L’univers est le lieu d’événements cataclysmiques tels que les trous noirs supermassifs en accrétion au centre de certaines galaxies, les explosions de supernovæ ou encore les sursauts gamma. Tous ces événements, encore mal compris, constituent de puissants accélérateurs cosmiques générant des flux de particules appelées rayons cosmiques. Lors de leur voyage à travers l’Univers, certains des rayons cosmiques les plus énergétiques peuvent également interagir avec les photons du fond diffus cosmologique (CMB), produisant des neutrinos dits « cosmogéniques » extrêmement énergétiques.

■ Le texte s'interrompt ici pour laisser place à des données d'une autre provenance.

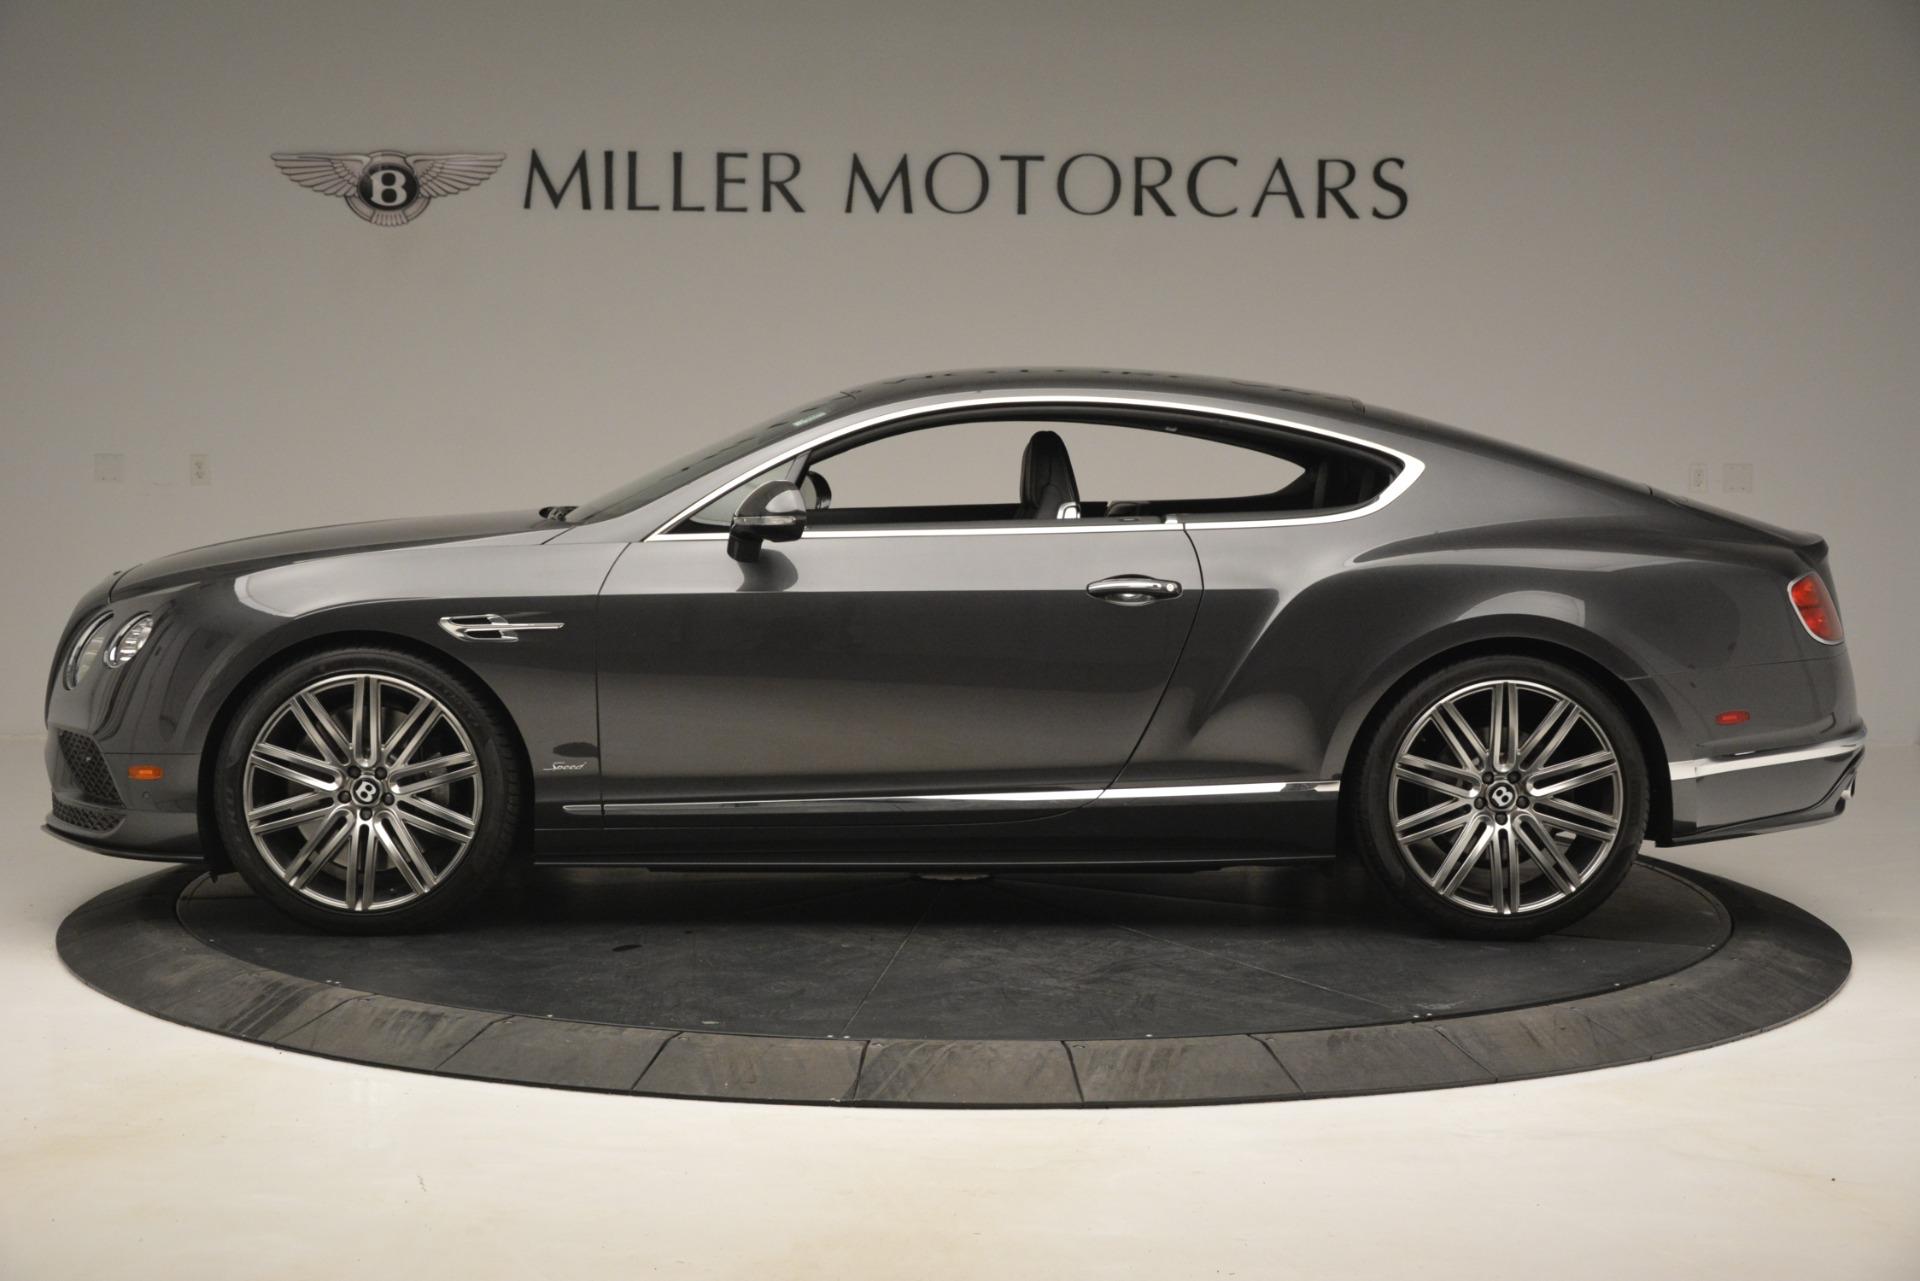 Used 2016 Bentley Continental GT Speed For Sale In Westport, CT 2953_p3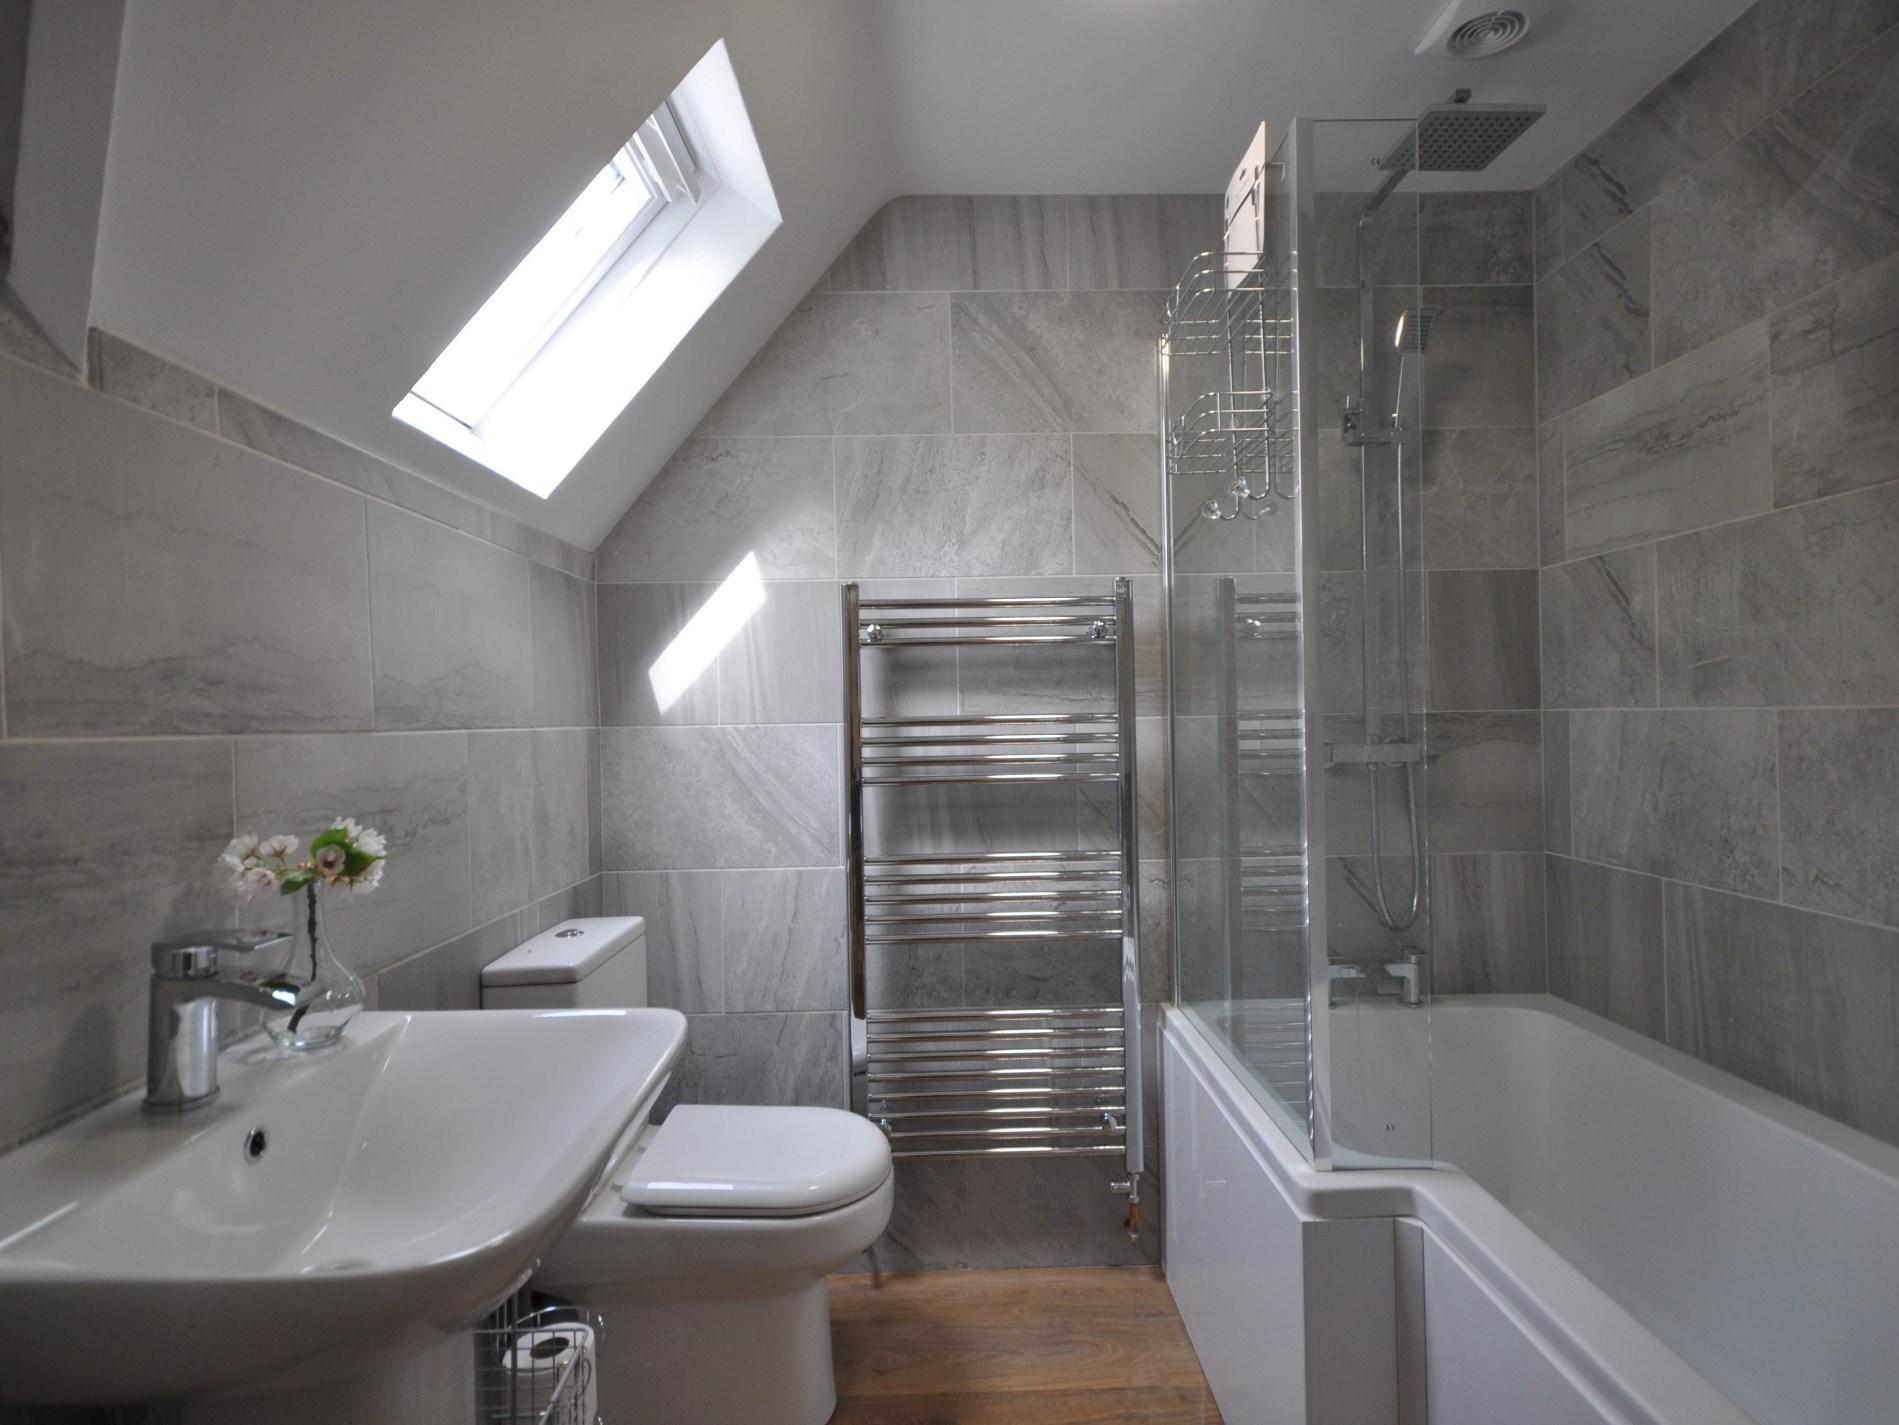 Enjoy soaking in the en-suite bathroom

Un événement extraordinaire correspondant à un neutrino avec une énergie estimée à environ 220 PeV (220 millions de milliards d’électrons-volts) a été détecté le 13 février 2023 par le télescope neutrinos KM3NeT. Cet événement, nommé KM3-230213A, est le neutrino le plus énergétique jamais observé et constitue la première preuve que des neutrinos d’énergies aussi élevées sont produits dans l’Univers. Ce neutrino pourrait provenir directement d’un accélérateur cosmique puissant. Alternativement, il pourrait s’agir de la première détection d’un neutrino cosmogénique. Cependant, sur la base de ce seul neutrino, il est difficile de conclure sur son origine. Les futures observations se concentreront sur la détection de davantage d’événements afin de dresser un tableau plus complet.

Bien que les neutrinos soient les particules les plus abondantes après les photons dans l’Univers, leur interaction extrêmement faible avec la matière les rend très difficiles à détecter et nécessite des détecteurs gigantesques. Le télescope KM3NeT, actuellement en construction, est une infrastructure géante déployée dans les abysses de la mer Méditerranée. Dans sa configuration finale, KM3NeT occupera un volume de plus d’un kilomètre cube. KM3NeT utilise l’eau de mer comme volume de détection. Ses modules optiques détectent la lumière Cherenkov, une lueur bleuâtre produite lors de la propagation des particules ultra-relativistes issues des interactions des neutrinos avec l’eau. L’expansion en cours de KM3NeT avec des unités de détection supplémentaires et l’acquisition de données supplémentaires amélioreront sa sensibilité et renforceront sa capacité à localiser les sources de neutrinos cosmiques, faisant de lui un contributeur majeur à l’astronomie multi-messagers.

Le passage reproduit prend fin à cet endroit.